Все, что касалось свадеб, вызывало в ней, как во всякой незамужней девице, живейший интерес.
– Разумеется, я не поехал, – отрезал Васнецов. – Получилось бы крайне неудобно, да к тому же дела… Однако я, конечно, оказал Марусе и Любе посильную помощь. В результате обком свадьбу им в Самаре устроил по высшему разряду. А впоследствии я больше не терял их из виду. И мне Маруся порой позванивала. А потом, когда моя супруга, Валечка, скончалась, – старик сморгнул внезапно набежавшую слезу, – Маруся снова вышла на связь, выразила соболезнование, спросила, не нужна ли помощь, рассказала, что сама уже давно на пенсии, живет по-прежнему одна…

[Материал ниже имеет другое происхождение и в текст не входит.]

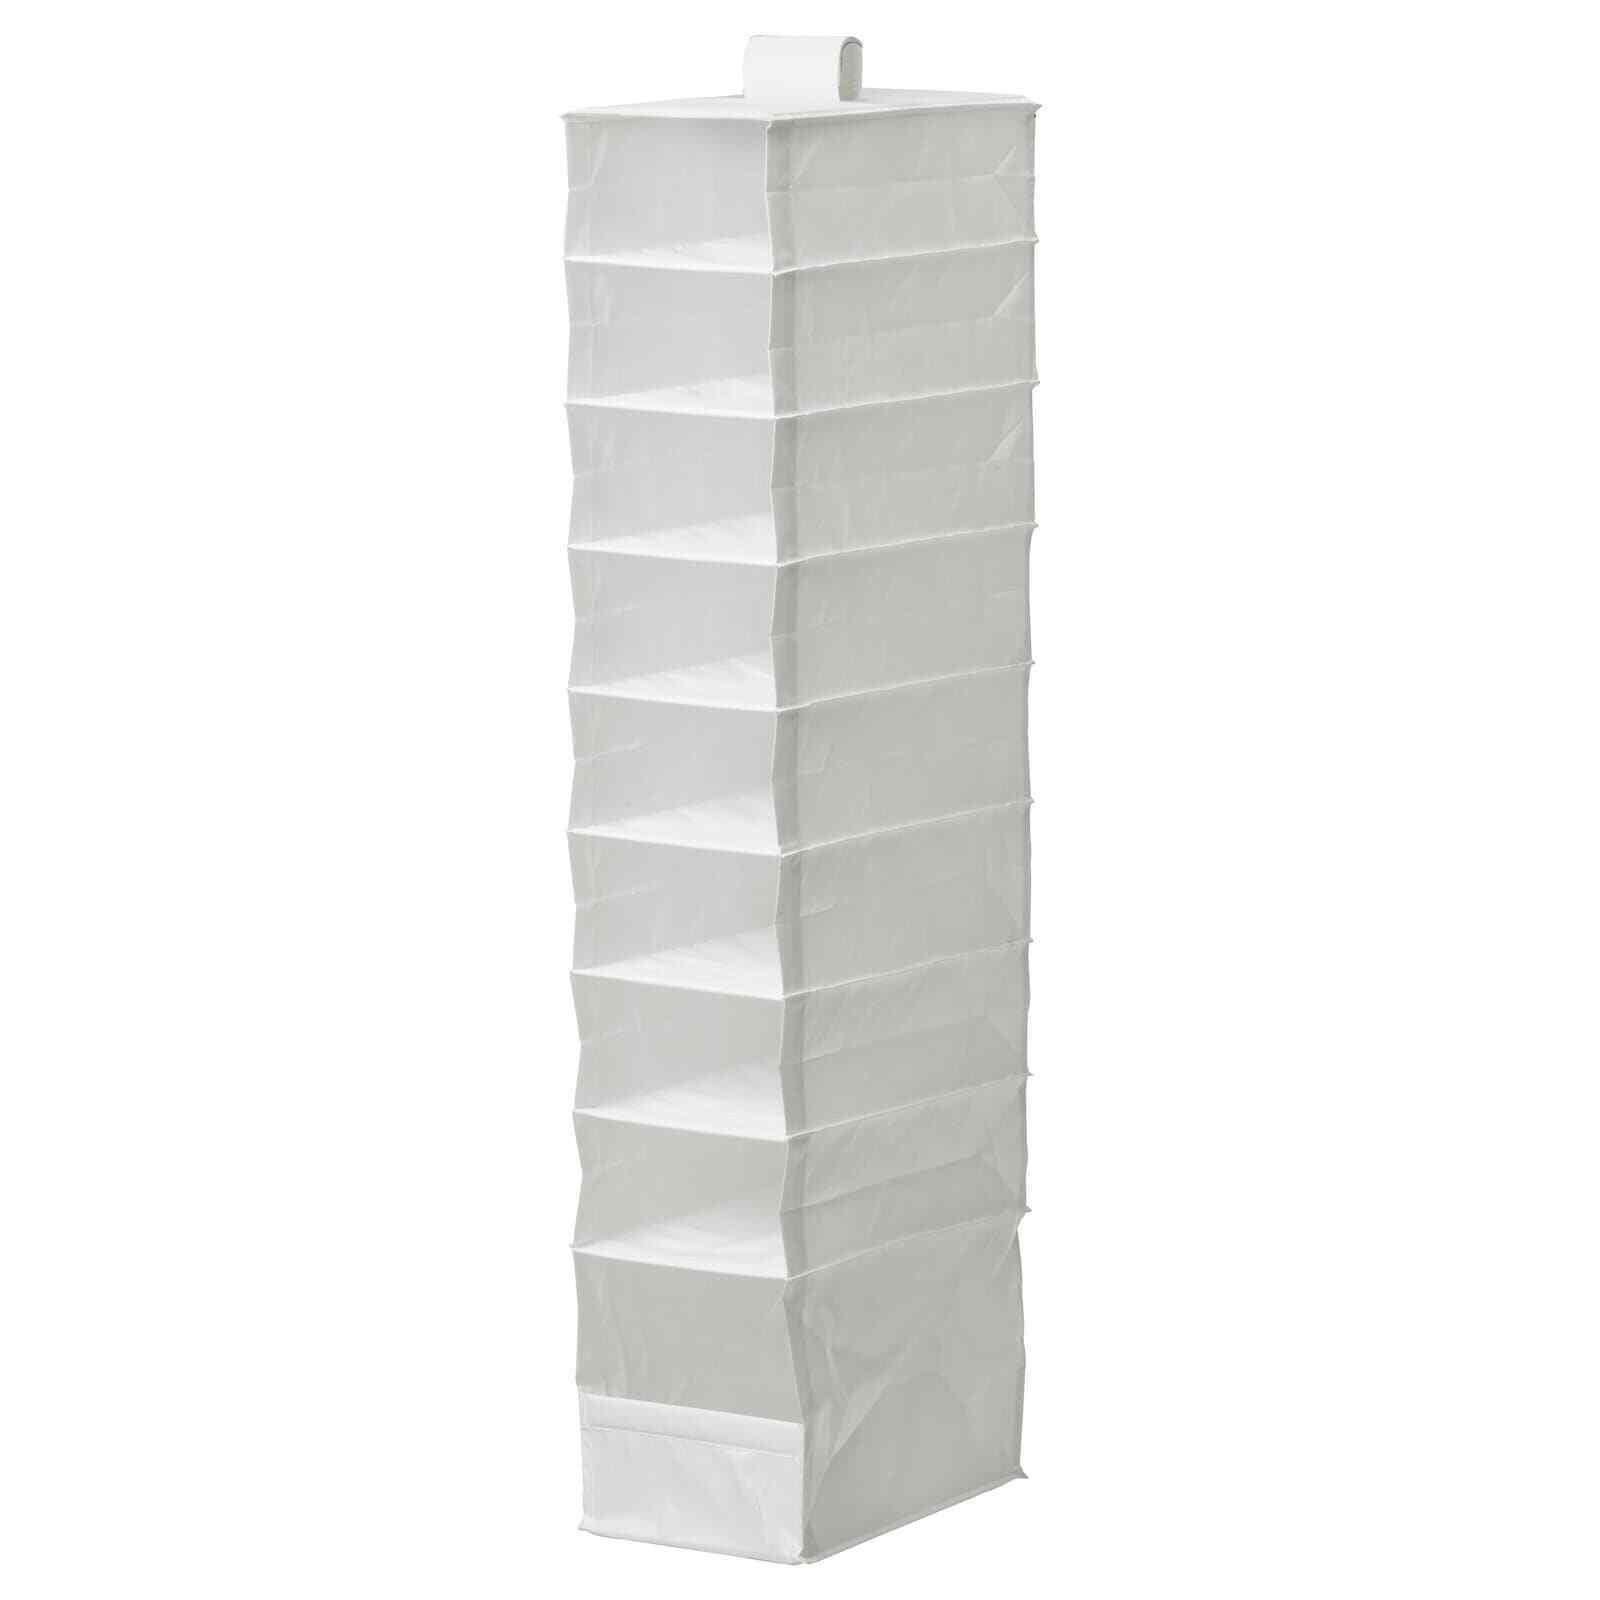 IKEA SKUBB Wardrobe Clothes Storage

«Хотела к старику просвататься», – смекнула Римка, однако вслух ничего не сказала.
– И Маруся предложила, – продолжил он. – Знаешь, говорит, наша с тобой Любаша недавно развелась, тяжело переживает развод, мыкается от одиночества, хочет начать все сначала, резко сменить и место жительства, и образ жизни. Может, спрашивает, тебе нужна помощница по хозяйству? Люба, сказала она, девушка аккуратная, чрезвычайно порядочная, умная, хорошо готовит. А если ты мемуары пишешь – умеет стенографировать, печатать… Что ж, я поразмыслил – почему бы и не повидаться с родной дочерью для начала? – и пригласил Любу к себе. Она мне понравилась. Я оставил ее. А то, что она – моя внебрачная дочь, мы решили не раскрывать. Зачем травмировать и Мишель, и Юлию, и других членов семьи?
– Почему она вдруг уехала от вас так спешно? Сегодня?

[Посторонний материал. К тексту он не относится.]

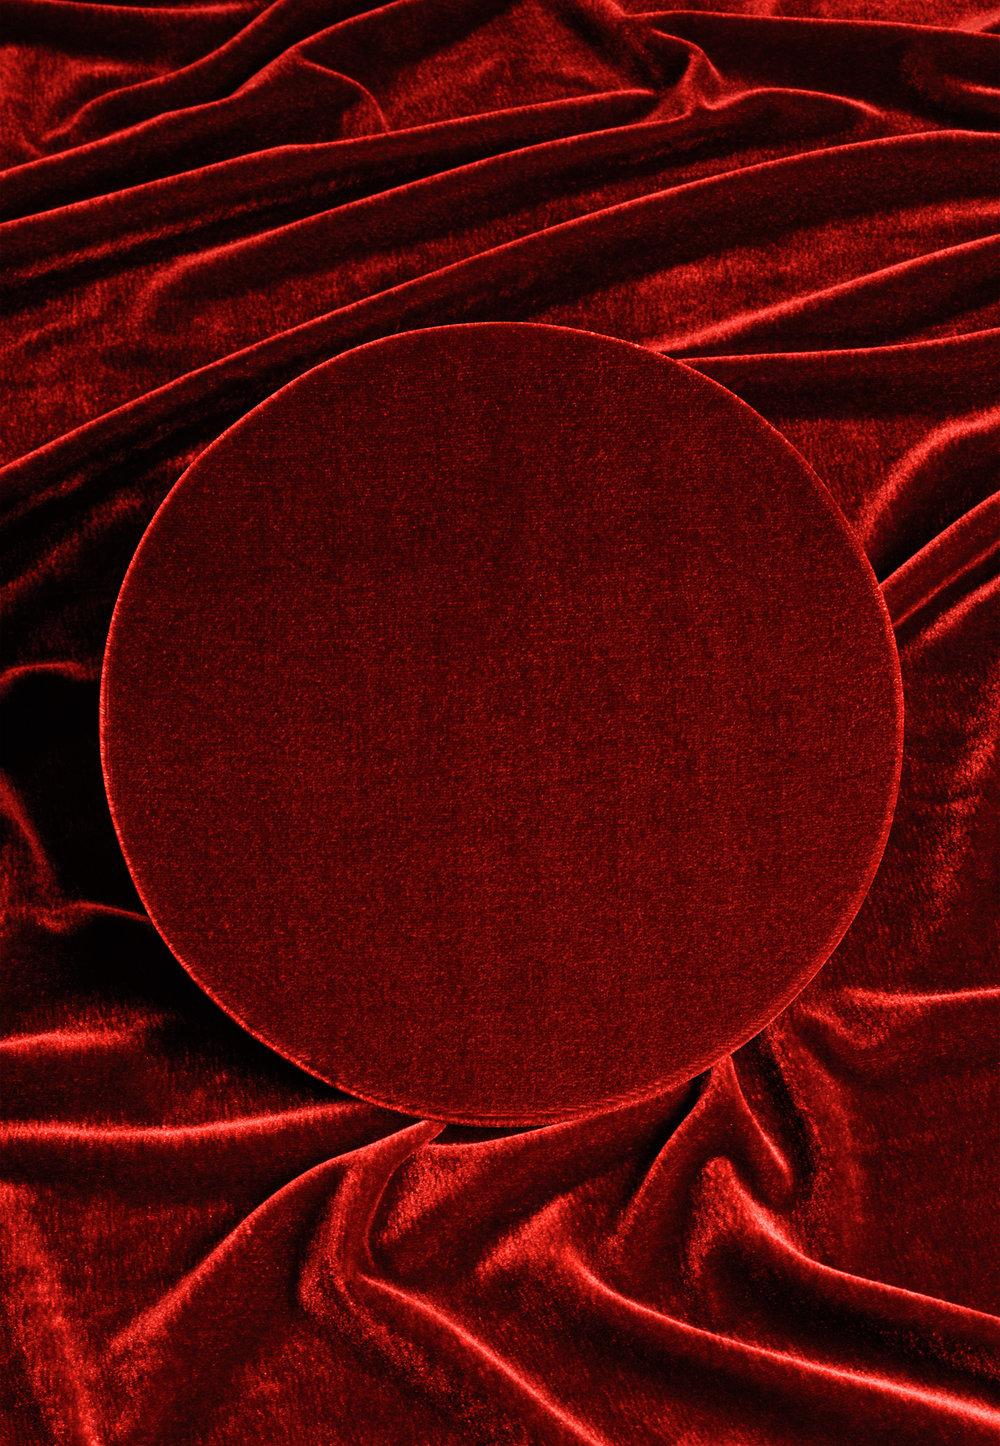 Red circle 2, 2016 C-Print, 52,5 x 36 cm

– К сожалению, молодое поколение сейчас поклоняется одному богу, – издалека начал старик. – И это не Будда, Магомет или Христос. Или даже – коммунизм. Можете со мной спорить, но в наши времена люди были чище. Пускай богами тогда были социальное равенство, Ленин и вожди. А теперь объявили свободу совести. Хочешь – Иегове поклоняйся, а хочешь – Шиве. Но все молятся золотому тельцу. И ради НЕГО готовы на все. Моя дочурка, оказывается, тоже. Да, – скорбно покивал старик, – она, выходит, способна и на хитрость, и на подлость, и на предательство.
– Почему вы о ней так?
– Я ведь ей сказал третьего дня кодовые слова.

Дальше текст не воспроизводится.